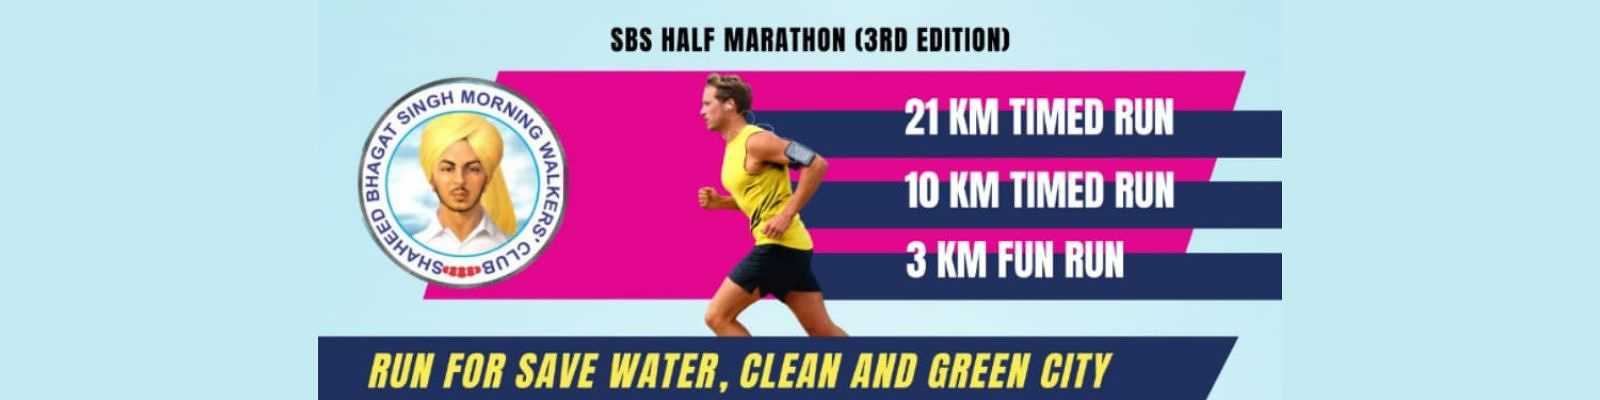 Sbs Half Marathon
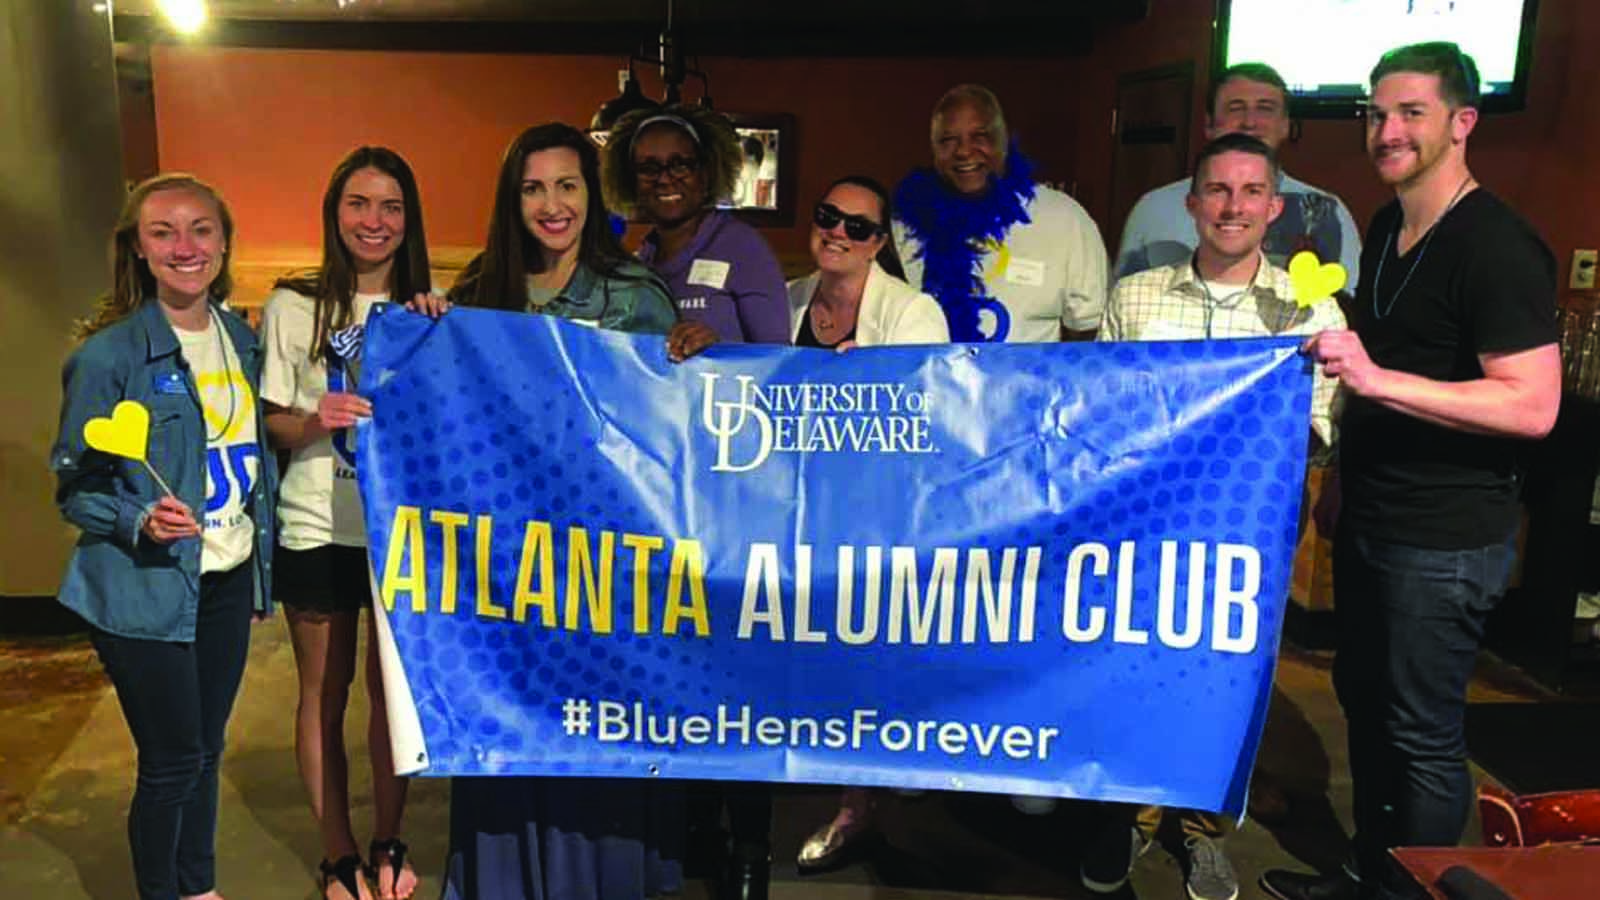 University of Delaware regional alumni events with the Atlanta Alumni Club
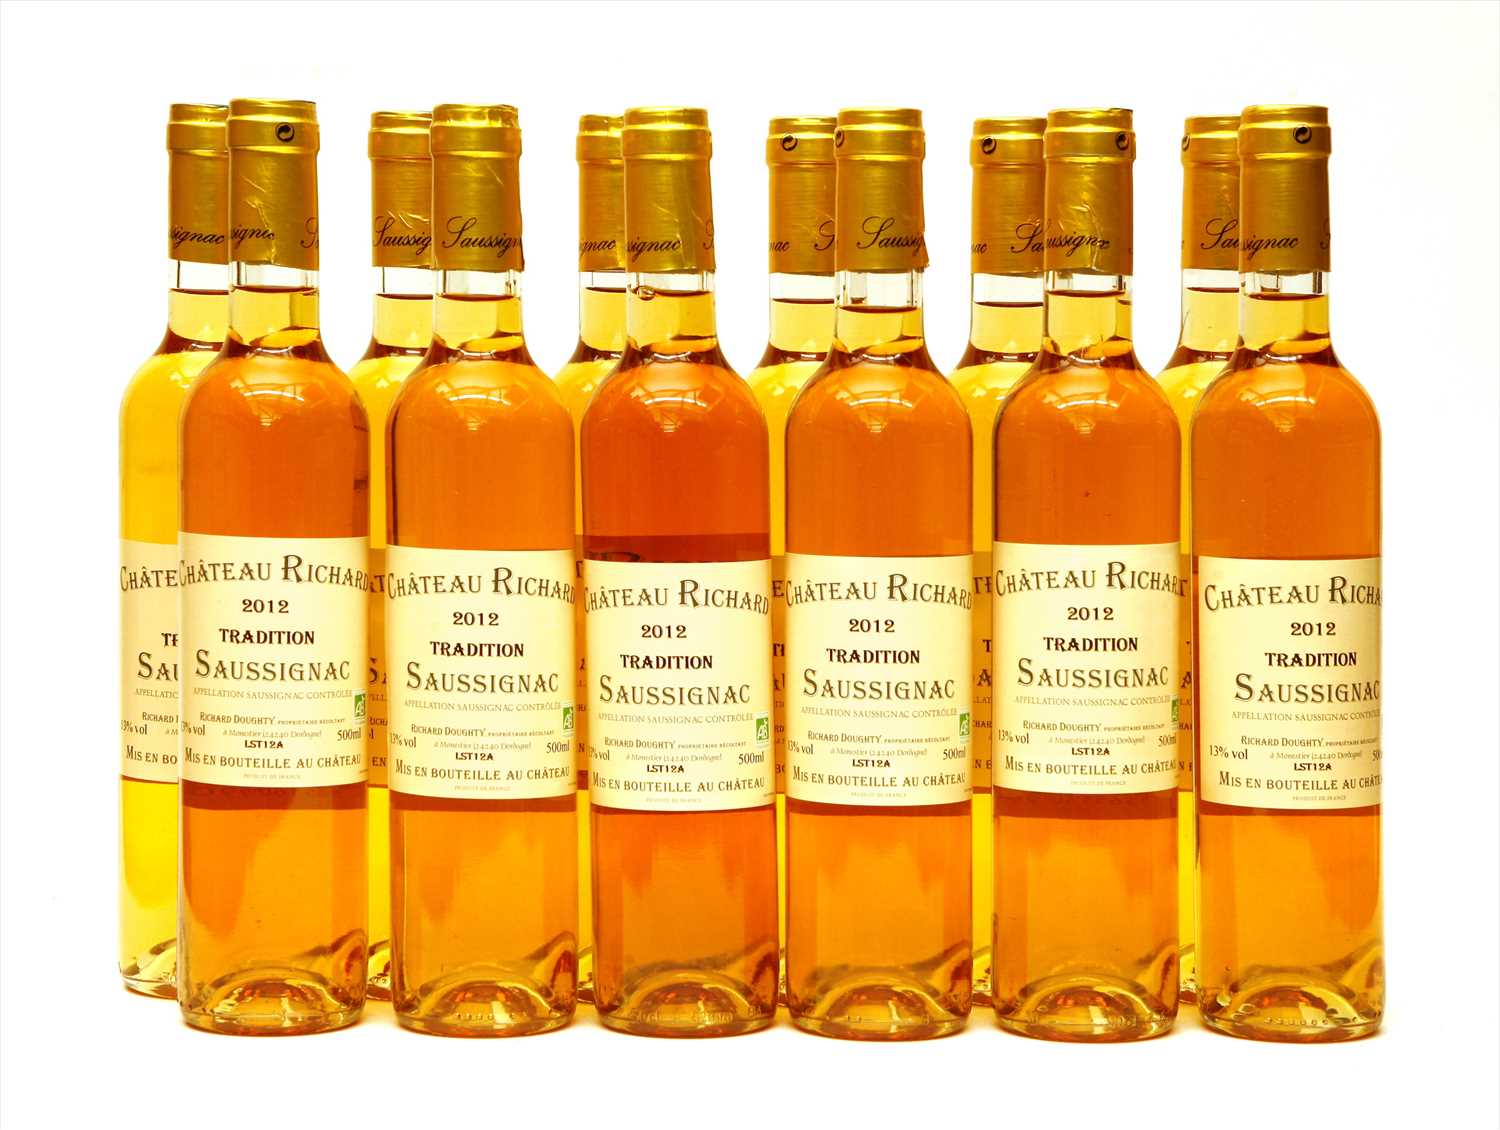 Lot 18 - Château Richard, Saussignac, Tradition, 2012, twelve half bottles (two boxes of six)
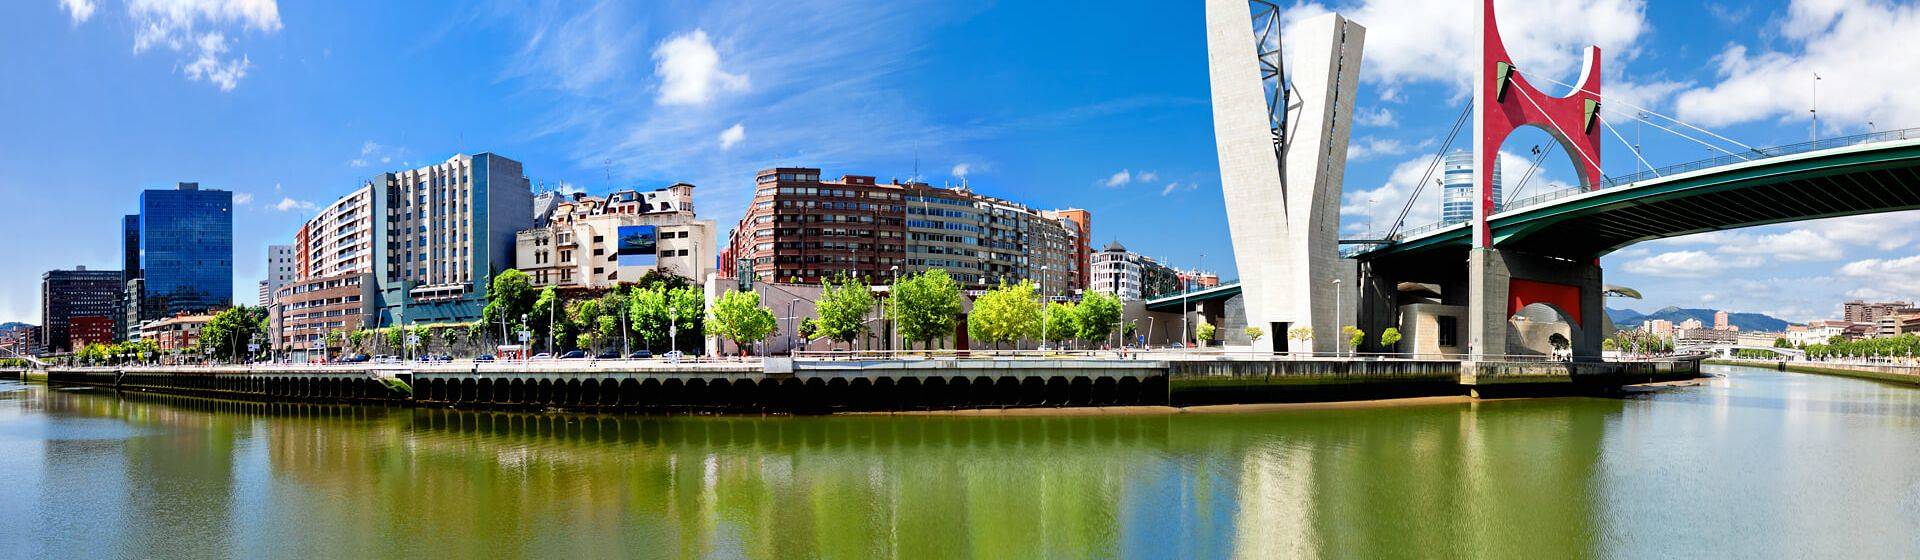 Holidays to Bilbao Image

◆ What is needed:
Print, exactly as written, the lines from the one containing "Lot 18 - Château" to the end of the material, both ends included, and nothing else; no pictures.

◆ Written answer:
 Lot 18 - Château Richard, Saussignac, Tradition, 2012, twelve half bottles (two boxes of six)
 Holidays to Bilbao Image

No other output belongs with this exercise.